Family and Medical Leave Act (FMLA) of 1993
The Family and Medical Leave Act of 1993 (FMLA) allows “eligible” employees of a covered employer to take job-protected, unpaid leave, or to substitute appropriate paid leave if the employee has earned or accrued it, for up to a total of 12 workweeks in any 12 months because of the birth of a child and to care for the newborn child, because of the placement of a child with the employee for adoption or foster care, because the employee is needed to care for a family member (child, spouse, or parent) with a serious health condition, or because the employee’s own serious health condition makes the employee unable to perform the functions of his or her job. In certain cases, this leave may be taken on an intermittent basis rather than all at once, or the employee may work a part-time schedule.

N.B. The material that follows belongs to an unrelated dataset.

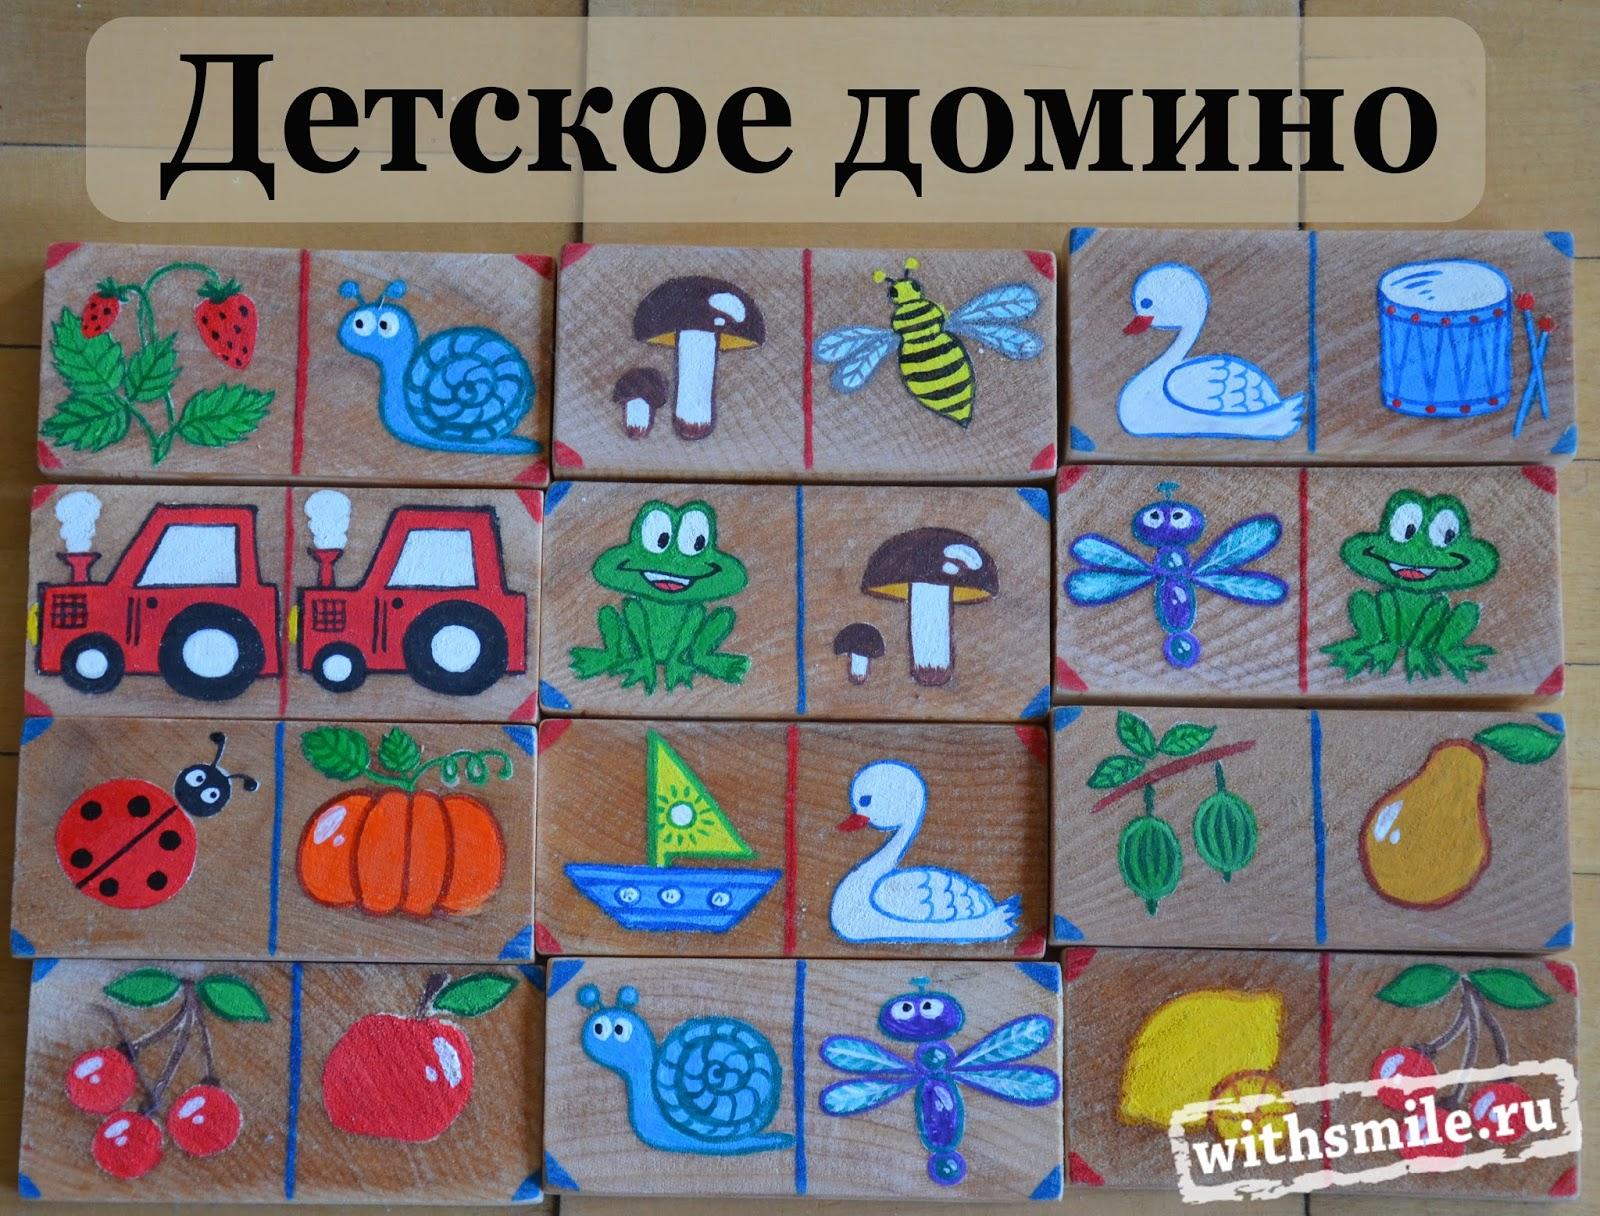 делаем детское домино сами, клубника, улитка, грибы, пчела, лебедь, барабан, трактор, лягушка, стрекоза, божья коровка, тыква, парусник, крыжовник, груша, вишня, лимон

An employee on FMLA leave is also entitled to have health benefits maintained while on leave as if the employee had continued to work instead of taking the leave. If an employee was paying all or part of the premium payments prior to leave, the employee would continue to pay his or her share during the leave period. The employer may recover its share only if the employee does not return to work for a reason other than the serious health condition of the employee or the employee’s immediate family member, or another reason beyond the employee’s control.
An employee generally has a right to return to the same position or an equivalent position with equivalent pay, benefits and working conditions at the conclusion of the leave. The taking of FMLA leave cannot result in the loss of any benefit that accrued prior to the start of the leave.
The employer has a right to 30 days advance notice from the employee where practicable. In addition, the employer may require an employee to submit certification from a health care provider to substantiate that the leave is due to the serious health condition of the employee or the employee’s immediate family member. Failure to comply with these requirements may result in a delay in the start of FMLA leave. Pursuant to a uniformly applied policy, the employer may also require that an employee present a certification of fitness to return to work when the absence was caused by the employee’s serious health condition. The employer may delay restoring the employee to employment without such certificate relating to the health condition which caused the employee’s absence. See, Family and Medical Leave Act.